# This isn't fair.



## TexasTimbers (Oct 17, 2006)

I milled some more of that ugly red stuff. Have I mentioned I don't like my camera? Well, I just milled some of the best looking stuff ever, especially the back & side sets for my luthiers, but I'm not going to show them to you. That's what I meant by _this isn't fair_.








.





.


----------



## djg (Dec 24, 2009)

Pure torture! I'd be happy to take some photos of it and post them for you. Just send it my way:yes:. I wonder how many offers like that you'll get.


----------



## H. A. S. (Sep 23, 2010)

That's some kind of ugly stuff you have there. It's only right that you should ship me a few hundred pounds of that for future review. I'll take the pics, free of charge.


----------



## mdntrdr (Dec 22, 2009)

TT... Get back on your rocker. :sailor:


----------



## TexasTimbers (Oct 17, 2006)

mdntrdr said:


> TT... Get back on your rocker. :sailor:


It's in pieces. Remember the opening scene from The Patriot? 

Actually it was too dark last night to take the pics. I'll get some today though. 





.


----------



## TexasTimbers (Oct 17, 2006)

Looks like I might not get to it. I actually did take a few pics last night and even though they turned out like scata I'll post them anyway. No pics - it didn't happen ya know. 


































This song was playing on my YT playlist when I came into the shop so I figured someone might like to hear a great old classic. 








.


----------



## Brink (Nov 22, 2010)

TexasTimbers said:


> It's in pieces. Remember the opening scene from The Patriot?
> 
> .


Yup, where was Mel Gibson born? 
Maybe that's why I steer away from chairs 



TexasTimbers said:


> This song was playing on my YT playlist when I came into the shop so I figured someone might like to hear a great old classic.
> 
> Video Link: http://www.youtube.com/watch?v=st80MOVoi4M
> 
> .


Uh oh, TT your great old classics are 100 years newer than mine. Lol

Beautiful slabs you have there.


----------



## firemedic (Dec 26, 2010)

Brink said:


> Uh oh, TT your great old classics are 100 years newer than mine. Lol


Tha's cuz he a 100 yrs younger than you, Brink!

Nice look'n flames there, TT!

~tom ...it's better to remain silent and be thought a fool than to open one's mouth and remove all doubt...


----------



## Tennessee Tim (Dec 15, 2010)

MAN, You got BLESSED, The flames are so AWESOME. Never seen that before.

To the Lord are all my Praises sent :notworthy:. TT He really Filled that cup for you there.

Have a Blessed weekend,
Tim


----------



## darty (Feb 1, 2009)

WOW, that's amazing!
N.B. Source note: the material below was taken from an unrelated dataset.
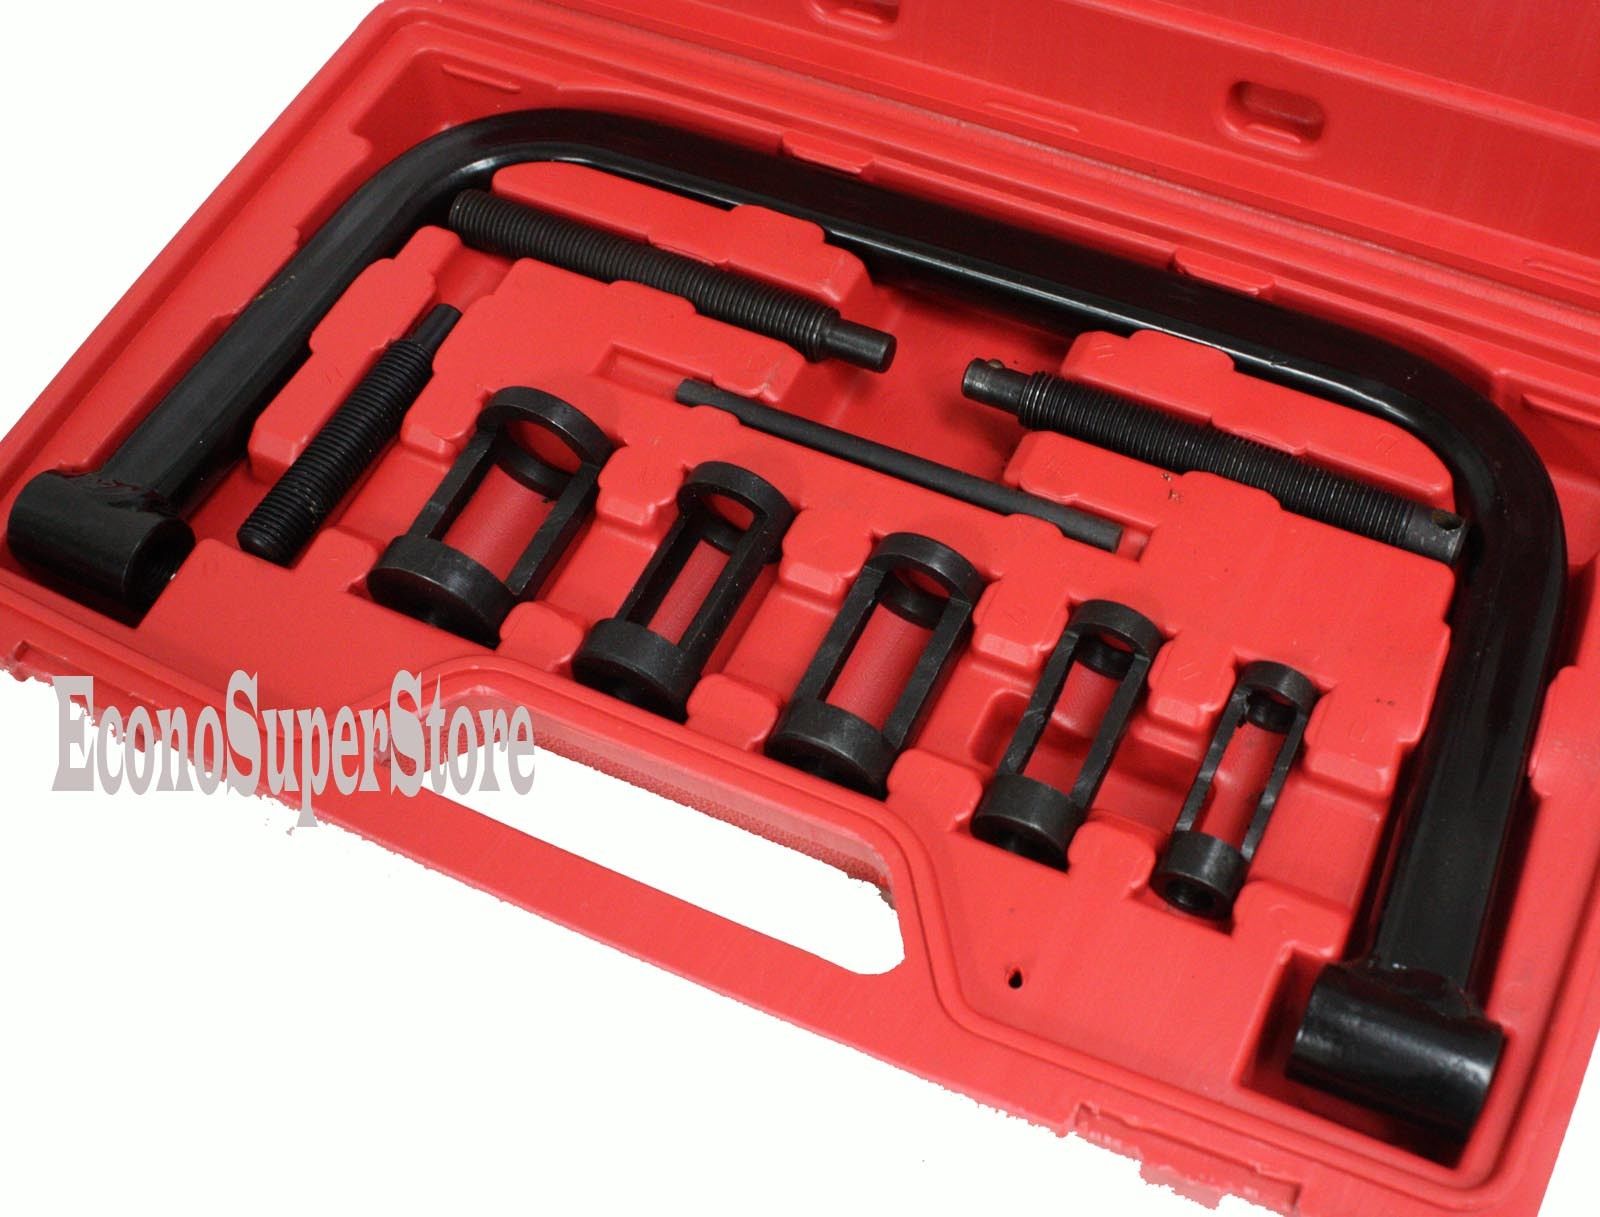 5 Sizes Valve Spring Compressor Pusher Automotive Tool For Car Motorcycle Kit

I'd hang one of those on my wall. How well does it hold the red color?


----------



## junkhound (Nov 6, 2009)

Are you sure you did'nt use crayons for that color?:no::yes:


----------



## VaureyWWC (Feb 21, 2011)

What am I looking at? Because it's freaking gorgeous!


----------



## BigJim (Sep 2, 2008)

Man, that is the prettiest I have seen. Does flaming box elder grow in Tennessee?


----------



## slabmaster (Mar 30, 2008)

*alder*

Those side sets look real nice.:thumbsup: Do you have some pictures of the back sets to those?


----------



## TexasTimbers (Oct 17, 2006)

darty said:


> How well does it hold the red color?


Many years with proper care. For turnings you can rechuck it years laters and take a 1/16" or so off and now it's red again. For flat work you'd have to sand it or just make another. However for something you want to stay red for generations, you can have the wood chemically stabilized and it will never fade so they say. 




junkhound said:


> Are you sure you did'nt use crayons for that color?:no::yes:


I never seen crayons that bright! :no:





VaureyWWC said:


> What am I looking at? Because it's freaking gorgeous!


Acer Negundo; Flame Boxelder a.k.a. Flame Box Elder; Red River Maple; Manitoba Maple and it has several other names. 




jiju1943 said:


> Man, that is the prettiest I have seen. Does flaming box elder grow in Tennessee?


:yes: I've never heard of a whole tract of iot like this but I bet there's one out there somewhere. 





slabmaster said:


> Those side sets look real nice.:thumbsup: Do you have some pictures of the back sets to those?


I cut a buynch of thins that the sets will come out of, I'll snap some pics for ya today unless I forget. 








.


----------



## greg4269ub (Sep 1, 2009)

I have been meaning to ask you about the color issue on the box elder you partly answered my question about color retention. What type of chemicals are needed to keep it bright red. Up here in Wi we get them from time to time. Being as they are much rarer up here I would like to teach/share with my customers and fellow woodworkers how to keep the color. Any idea on the safety or expense of the chemical treatment?


----------